150: „For verification, the SIVA forecast errors are designated as the reference for evaluating the DDPM, while the analysis fields serve as benchmark for the ensemble nowcasts.“
R: Did you use every grid-point of the SIVA domain and the analysis for verification? This is not clear, as in the caption of the Fig. 2 you denote observations as „Truth“, while in the caption of the Fig. 4. the analysis field is denoted „Truth“. It should be clarified in the Metrics description that where are you using point observations and where nowcasting software analysis for verification and why. It must be also taken into account that the analysis can already exhibit errors so it can be considered only as a near description of the real state of the atmosphere.
155-160: „Given the negligible sensitivity of key verification metrics to ensemble size, an ensemble with 16 members was adopted to ensure statistical robustness while maintaining computational tractability.“
R: Can you support somehow your statement that the key verification metrics is not sensitive to ensemble size? Have you verified that? In the introduction, lines 35-45 you mention that „The ensemble often fails to fully characterize the true probability distribution“ or „However, a finite number of members cannot fully represent the true distribution, which inevitably leads to under-dispersion.“ This is seemingly in contradiction with your statement in the Evaluation Metrics part. How did you choose the 16 members then? Upon which criterion?
165-170: „The agreement of both the joint and marginal probability distributions with the benchmark (Fig. 2) demonstrates that the errors predicted by DDPM are physically consistent and statistically robust.“
R: Why do you think that if the statistical distribution of the evaluated model’s forecasts and forecast errors matches the benchmark (which is considered to be physically consistent), then it must be physically consistent, too? Can you prove it? Or can you cite examples that if the physical consistency would not be fulfilled (e.g. using different approaches) then the forecast error distribution would be different?
205-210: First sentence of 4.2: „Evaluations of the generated errors reveal that DDPM captures the physical characteristics of forecast errors, thereby learning more than just their statistics.“
R: As for 165-170, I am not convinced that this was really shown as there was no comparison with other methods, where we would expect “only” learning statistics.
255-265 and a part of the Caption in Figure 7:
R: The discussion on the Brier Score and Brier Skill Score should be moved to 3.3 (Evaluation Metrics). Also the note on the use of climatology probability in BSS calculation. You could also mention, why the climatology probability was chosen to be a reference. Though a standard practice, it may have some implications for verification of rare events, especially when you used only the training dataset (~1,5 year).

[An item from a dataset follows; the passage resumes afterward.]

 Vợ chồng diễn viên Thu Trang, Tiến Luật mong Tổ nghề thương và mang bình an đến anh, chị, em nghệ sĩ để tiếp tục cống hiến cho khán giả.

285-295: Figure S2: You have quite a lot of description (one paragraph) concerning the output of Fig. S2 (Probability diagram of wind ensemble nowcasting in different lead time for three schedules with threshold 1 ms-1). It would be fair to present it as a part of standard Figures of the manuscript, e.g. as Fig. 9a. The other diagram concerning the higher threshold of 10.8 ms-1 could be the Fig. 9b.

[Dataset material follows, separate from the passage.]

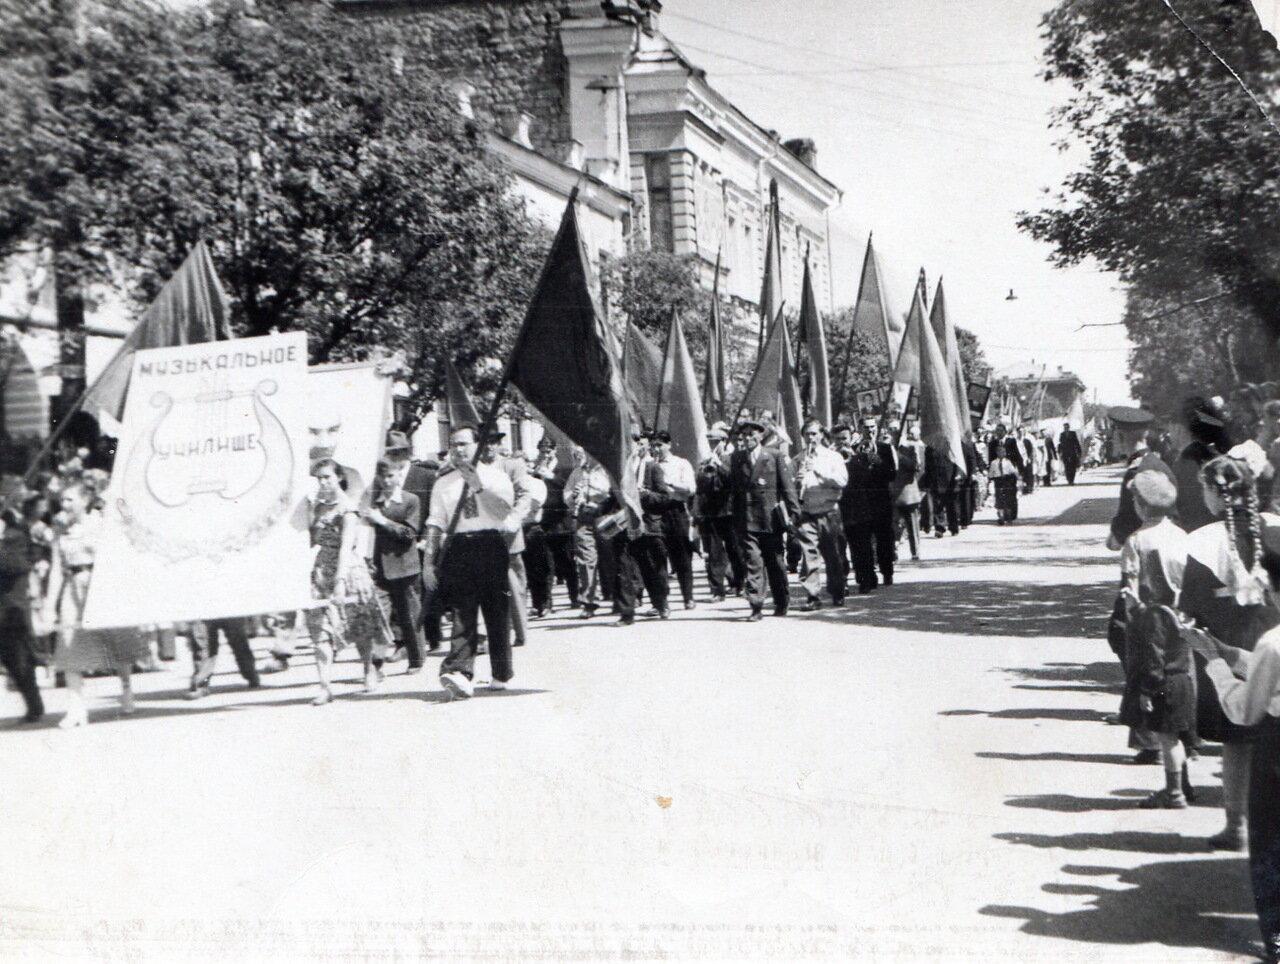 1970-е. Первомайская демонстрация

295: You probably erroneously refer to Fig. S2, while the diagram in the current Fig.9 (for the threshold 10.8 m/s) is not referenced in the text at all. As mentioned above, consider moving Fig. S2 to Fig. 9a and denote current Figure 9 as Fig. 9b.
315-325 and Figure 10: You mention Comparison with “truth” or “Ground Truth” although this is probably only the analysis of your deterministic nowcasting system and it may contain errors as I have mentioned earlier. It would be probably better to denote it as Analysis.
Figure 10: A mistype occurred in the caption of the figure: Instead of “Ground Turth” there should be “Ground Truth” or even better “Analysis”.
Figure 10: “(c) Ensemble Mean forecast”
R: I do not understand why you did not show the forecasts of ensemble maxima, not even in the supplementary materials. Though, this is a parameter, which is often used in weather forecasting, especially for severe weather warnings. And you even note the “smoothing effect on the ensemble mean” in the text below the Figure (line 330). How could we know that the “strong wind band” considered as false alarm (319-320) and appearing in the deterministic nowcast (REF) on Fig. 10b would be not reproduced by some of the DDPM ensemble members? Only comparison with ensemble maximum of wind could exclude that. In the supplementary Fig. S3 one can see that although less expressed than in REF, but certain members (e.g. 9,10,12) show a signal for such wind band in that area.
330-335 “The smoothing effect on the ensemble mean was also reduced, and the
probabilistic forecast shows finer and more accurate details.”
R: It would be nice to mention an example. In addition, it would be perhaps noteworthy to highlight as an interesting feature that there is an area of reduced wind speed on the right edge of the domain (nearly in the middle, over the sea), visible in all outputs valid for the +1h time (Figure 11). Although it vanishes in both analysis and reference as the wind strengthens in time, it remains in the DDPM forecast until +6 hour, which suggests that the DDPM can exhibit certain “inertia” in some cases, even against its reference.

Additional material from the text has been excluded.